- Directed by: Georg Asagaroff
- Written by: Peter Martin Lampel (play); Herbert Rosenfeld; W. Solski;
- Starring: Carl Balhaus; Vera Baranovskaya; Toni van Eyck; Wolfgang Zilzer;
- Cinematography: Curt Oertel; Alexander von Lagorio;
- Production company: Grohnert-Film-Produktion
- Distributed by: Atlas-Filmverleih
- Release date: 1929;
- Country: Germany
- Languages: Silent; German intertitles;

= Revolt in the Reformatory =

1929 film directed by Georg Asagaroff

Revolt in the Reformatory (Revolte im Erziehungshaus) is a 1929 German silent drama film directed by Georg Asagaroff and starring Carl Balhaus, Vera Baranovskaya, Toni van Eyck. The film was based on a play by Peter Martin Lampel intended as an exposé of the youth justice system.
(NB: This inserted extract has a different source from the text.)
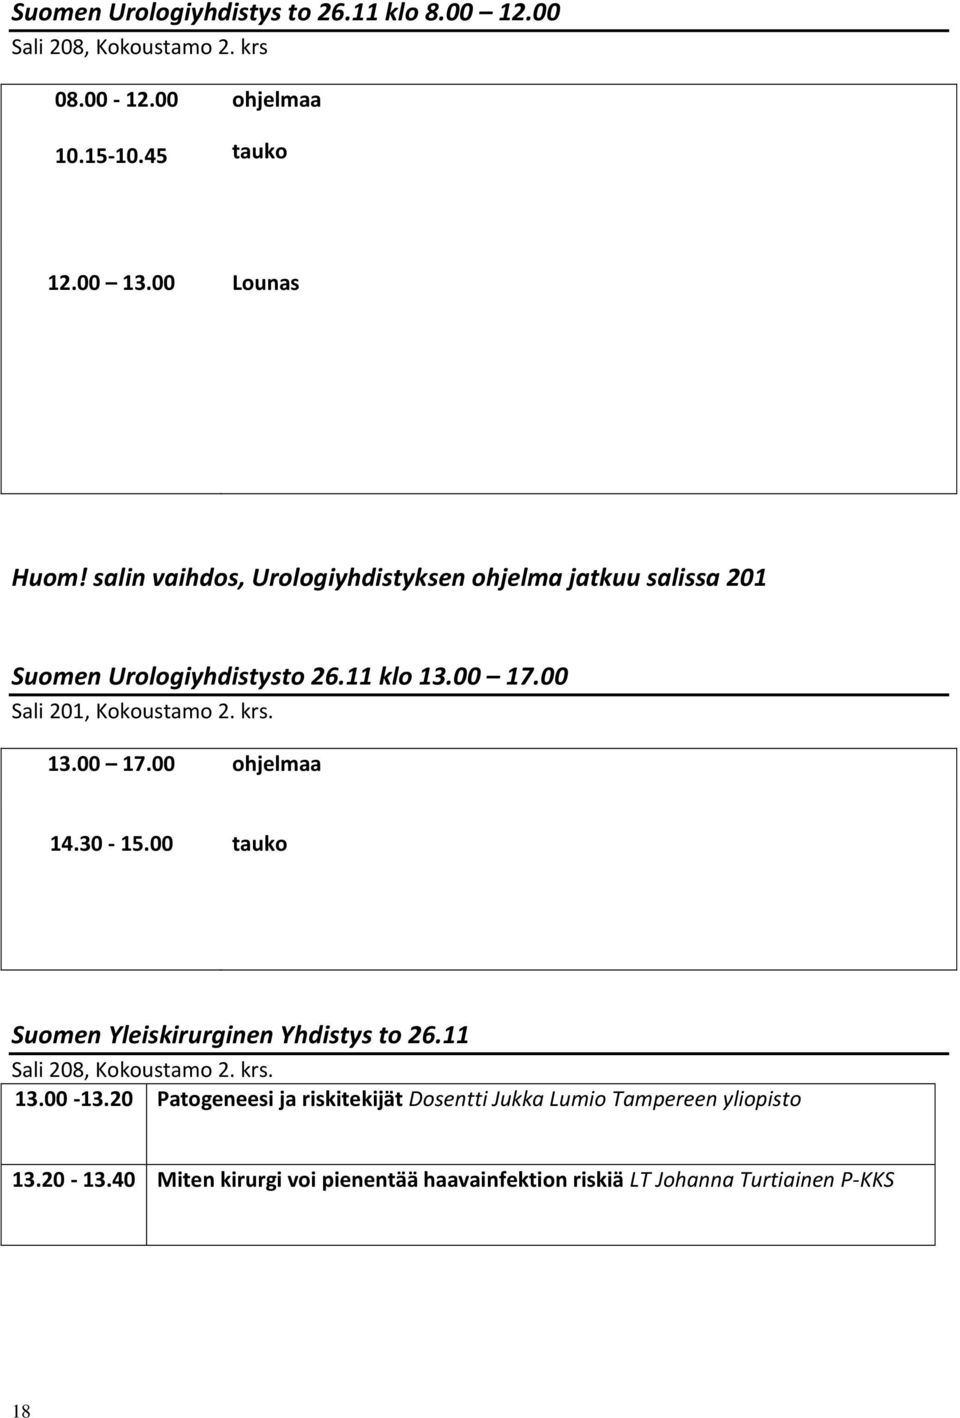 30-15.00 tauko Suomen Yleiskirurginen Yhdistys to 26.11 Sali 208, Kokoustamo 2. krs. 13.00-13.

The film was considered controversial, and was banned four times before its eventual release. The film's art direction was by Andrej Andrejew.

==Cast==
- Carl Balhaus as Fritz
- Vera Baranovskaya as Fritz' mother
- Toni van Eyck as Fritz' sister
- Wolfgang Zilzer as Hans
- Peter Wolff as Erwin
- Julius E. Herrmann as Direktor
- Hugo Werner-Kahle as Hausvater
- Renate Müller as Hausvater's daughter
- Oskar Homolka as Erzieher
- Rudolf Platte as Erziehungsgehilfe
- Veit Harlan as Kurt
- Ilse Stobrawa as Lucie
- Willy Clever
- Friedrich Gnaß

==Bibliography==
- Kreimeier, Klaus. The Ufa Story: A History of Germany's Greatest Film Company, 1918-1945. University of California Press, 1999.